P i x e l A c c u r a c y = \frac{T P + T N}{T P + T N + F N + F P}

(1)

I o U = \frac{I n t e r s e c i o n}{U n i o n} = \frac{T P}{T P + F N + F P}

(2)

F 1 S c o r e / D i c e C o e f f i c i e n t = \frac{2 * P r e c i s i o n * R e c a l l}{P r e c i s i o n + R e c a l l}

(3)

M e a n A c c u r a c y = \frac{\sum Pixel Accuracy of n objects}{n objects}

(4)

P r e c i s i o n = \frac{TP}{T P + F P}

(5)

R e c a l l = \frac{T P}{T P + F N}

(6)

3. Results and Discussion

3.1. Results

In this study, we demonstrate that a CNN-based U-Net architecture can successfully explain MR heart valve segmentation. This section will explain the results of the predictions on the testing data. Each CNN architecture is trained. After the training process is complete, the entire architecture is evaluated with different patient data that are not used in the training process. The performance of various architectures is analyzed with three parameters, namely Pixel Accuracy, Intersection over Union, and Dice Coefficient. Figure 2 shows the different between raw image and ground truth.
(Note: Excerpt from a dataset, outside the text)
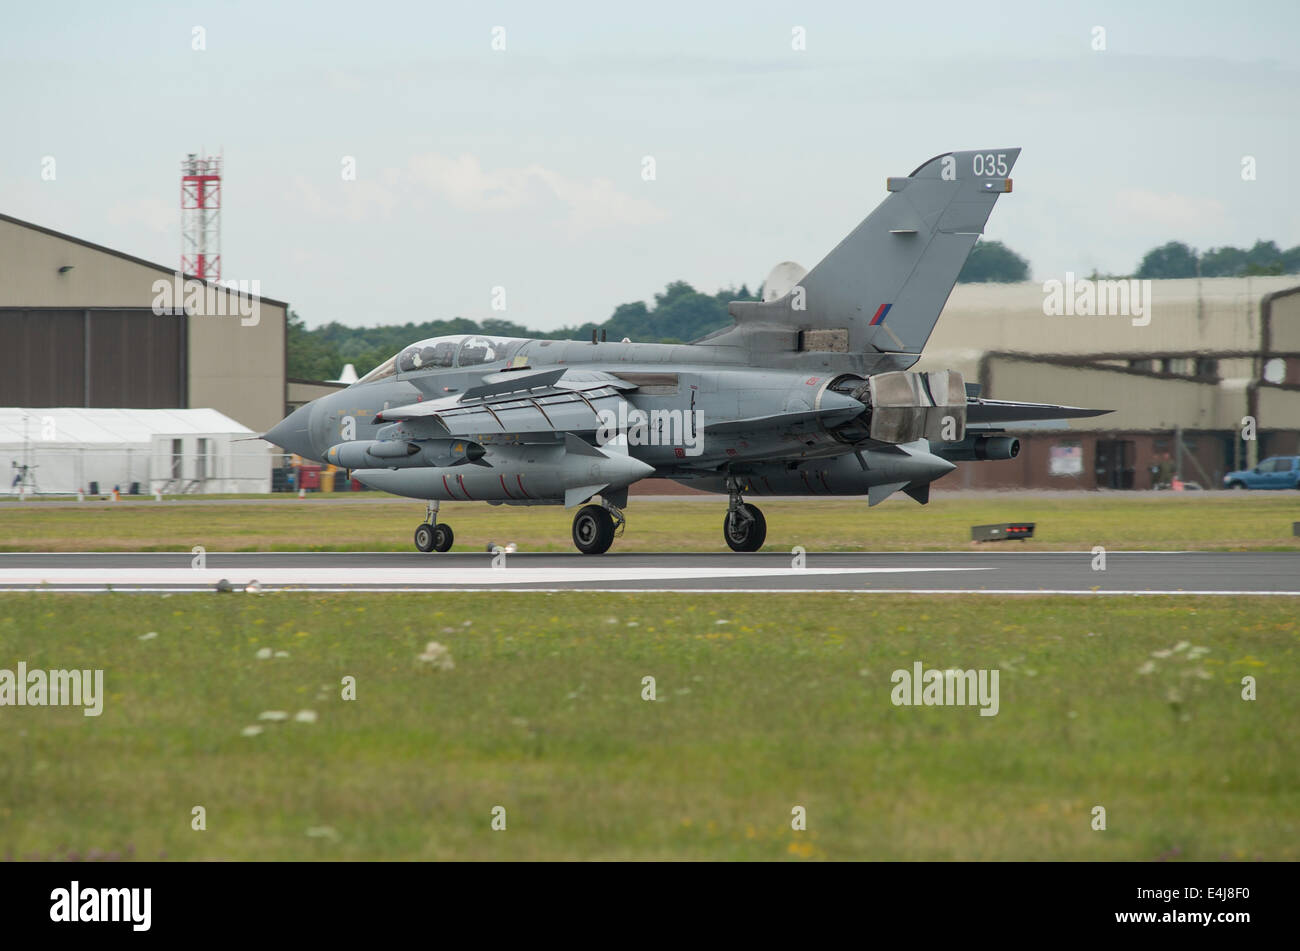 RAF Fairford, Gloucestershire UK. 11th July 2014. Fast jets on display at the first day of RIAT. RAF Panavia Tornado GR4 035 landing with reverse thrusters deployed. Credit:  Malcolm Park editorial/Alamy Live News Stock Photo
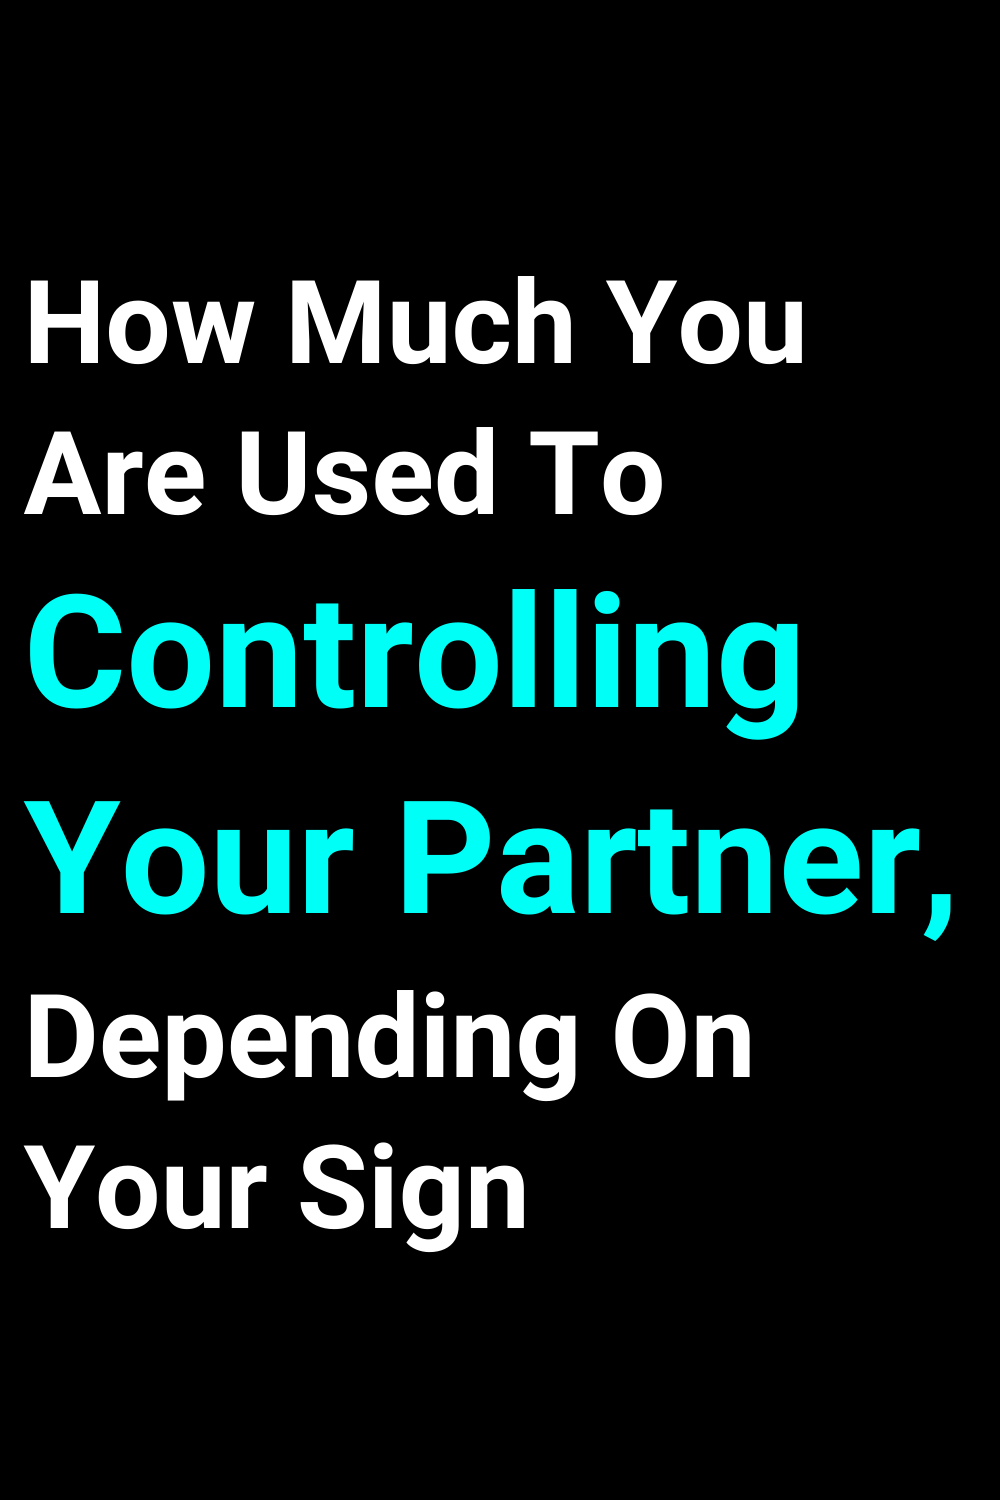 How Much You Are Used To Controlling Your Partner, Depending On Your Sign

Figure 3 shows the illustration of implemented U-Net3 architec.

Figure 4 shows plotting model accuracy and model loss in training and testing from every architecture.

In Table 5, it can be seen that the metric assessment results on the Pixel Accuracy value and the Dice Coefficient on U-Net3 have the highest value compared to other architectures, although other metric evaluations have similar results.

Table 6 shows the results of the entire model by measuring performance using Pixel Accuracy, Intersection over Union, and Dice Coefficient. As can be seen in the table, U-Net3 is the best model, with a Pixel Accuracy value of 97.59%, Intersection over Union value of 86.88%, Mean Accuracy value of 93.46%, Precision value of 85.60%, Recall value of 88.39%, and Dice Coefficient value of 86.58%. We also conducted performance assessments of new data that was not used in training and testing data, unseen data. Although the test results of the U-Net3 model have performance results that are similar to other models; based on the unseen data, the U-Net3 architecture is proven to outperform other architectures, especially on the Dice Coefficient value.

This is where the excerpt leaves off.